When I toured the Boston Temple during an open house in late August, the building was still a work in progress. Carpeting wasn't down in every room; handrails were missing; some switch plates dangled, waiting for finishing touches. Mormon leader and local resident Grant Bennett said bulldozers had been at work the night before, preparing the ground for sod. Despite the contractor's incomplete checklist, though, I could see what the temple would be like when it was finished. My overall impression was of a place both intimate and huge.

The 70,000-square-foot structure of white Sardinian marble on a hill overlooking Boston is certainly substantial. (The addition of a steeple--still embroiled in litigation--would add aesthetic grace to the exterior.) The intimacy of the temple was partly accomplished by designing the interior space with many small rooms. These are tastefully appointed in light fabrics and predominantly blond wood. Each room is luminous, infused with light from a combination of sunlight streaming through pale stained glass and expert electrical technology.

As the 100th Mormon temple to be dedicated, the Boston Temple fulfills church President Gordon B. Hinckley's dream of having 100 temples by the year 2000. Located in suburban Belmont, Mass., the temple--like the 99 others worldwide--is not a meetinghouse for Sunday worship services or weekday auxiliary meetings. Mormon temples are designated for the faith's most sacred ordinances. These ceremonies turn human attention heavenward and link families together "for time and all eternity."

For Latter-day Saints in New England (there are 60,000), having this local refuge will be a coming full circle from the church's beginnings. Mormon founder Joseph Smith and his successor, Brigham Young, were both born in Vermont, and Mormons first preached in Boston in 1832, just two years after the founding of the church. Many contemporary Mormon leaders have genealogical ties to the area. Even President Gordon B. Hinckley's ancestor Thomas Hinckley was governor of Plymouth Colony from 1681 to 1692.

When the Mormons trekked west in the mid-19th century, the church presence in New England was still minimal.
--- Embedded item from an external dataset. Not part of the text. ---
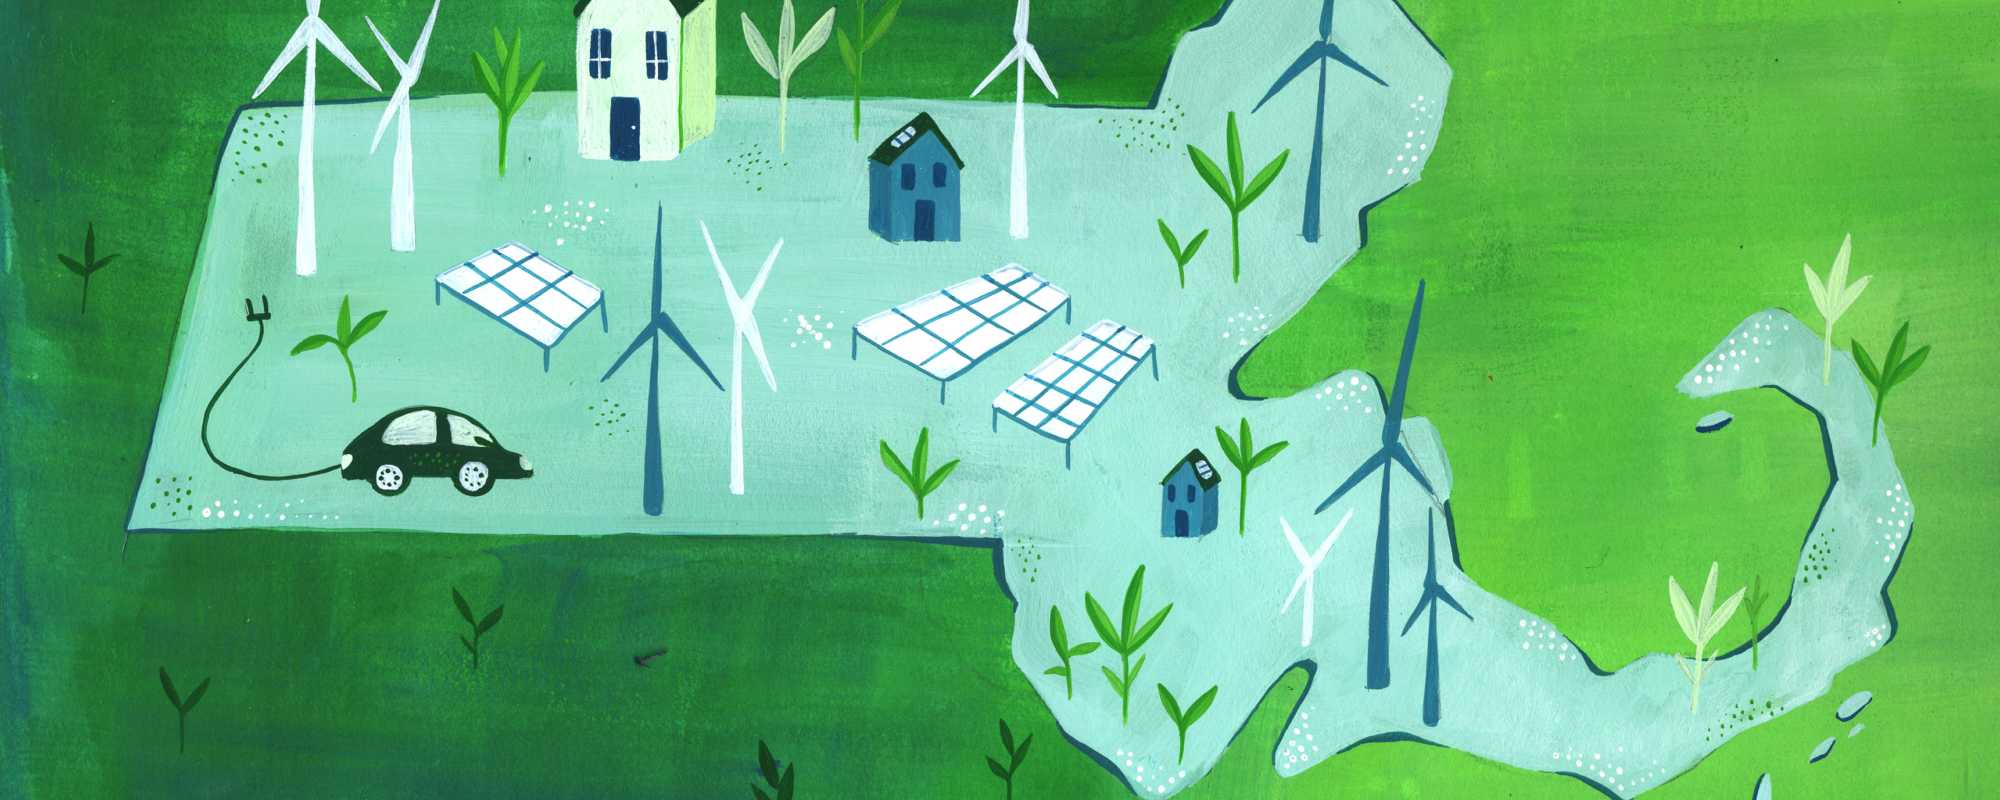 Massachusetts with renewable energy & clean homes, by Christine Rea

But in the 20th century and onward into this new one, the church in the Boston area has grown into a complicated mix. There are hard-working immigrant families (currently missionaries teach in English, Haitian, Cambodian, Portuguese, and Spanish); inner-city units with high unemployment and low literacy; university students and professors; native Yankees with their celebrated know-how; temporary Western implants (who sometimes think only they have adequate church "know-how," much to the exasperation of the locals) ... and more.

But now, in this building on the hill, they will each sit side by side, dressed alike in white clothing, bringing their common faith and their private burdens for respite in the House of the Lord.

I don't attend the temple for the feeling of commonality, however, satisfying as that is on some levels. I go, first of all, because I want to be obedient. We are urged to participate in rituals that link families throughout eternity, reenact the creation of the world, and follow mortals through the journey of life. There are parts of the ceremonies that thrill me. Other parts baffle me with a benign confusion. Still other parts disturb me in profound ways when I try to make sense out of them. I go anyway.

It is, in fact, the "unexplain-edness" of the temple experience that draws me to its doors. (Well, that and my conviction that the work I do by proxy really does benefit those who have passed on.) Because aspects of the temple are not talked about outside the temple, or even very much inside the temple, I am left to discover meaning on my own. My quest for further light and knowledge is fed in ways uniquely suited for me.

The best preparation I had for the temple came not in any Temple Preparation classes or Gospel Doctrine seminars but in a Tribal Metaphysics course I took long ago in graduate school--though certainly that was not the professor's agenda. I learned in that class that the Native Americans we studied do not share our Western European/American urge to figure out, analyze, and intellectualize. Spiritual encounters in particular are to be experienced as grass experiences dew.

This is the healthiest way I have found to experience my personal temple visits. "Understanding what happens" is not the right paradigm. "Allowing it to happen" is better. Or perhaps it is an "instilling," which the Oxford American Dictionary defines as "to introduce into a person's mind gradually; to put into something by drops."

Not long ago, I visited our temple in Sweden. I speak very little Swedish, but that wouldn't have mattered, since the session I attended was in Danish. I wore a headset that, with a flick of the dial, provided the service in several languages. I enjoyed comparing subtle translation differences and the overall experience of just letting the event settle on me. Two months later, I attended the temple in Provo, Utah. The session was in Spanish (a language I don't speak), and there weren't enough headsets to go around. These were two of my most satisfying temple visits ever. Maybe, since I work and play in words, not having them available made me more present for other kinds of communication.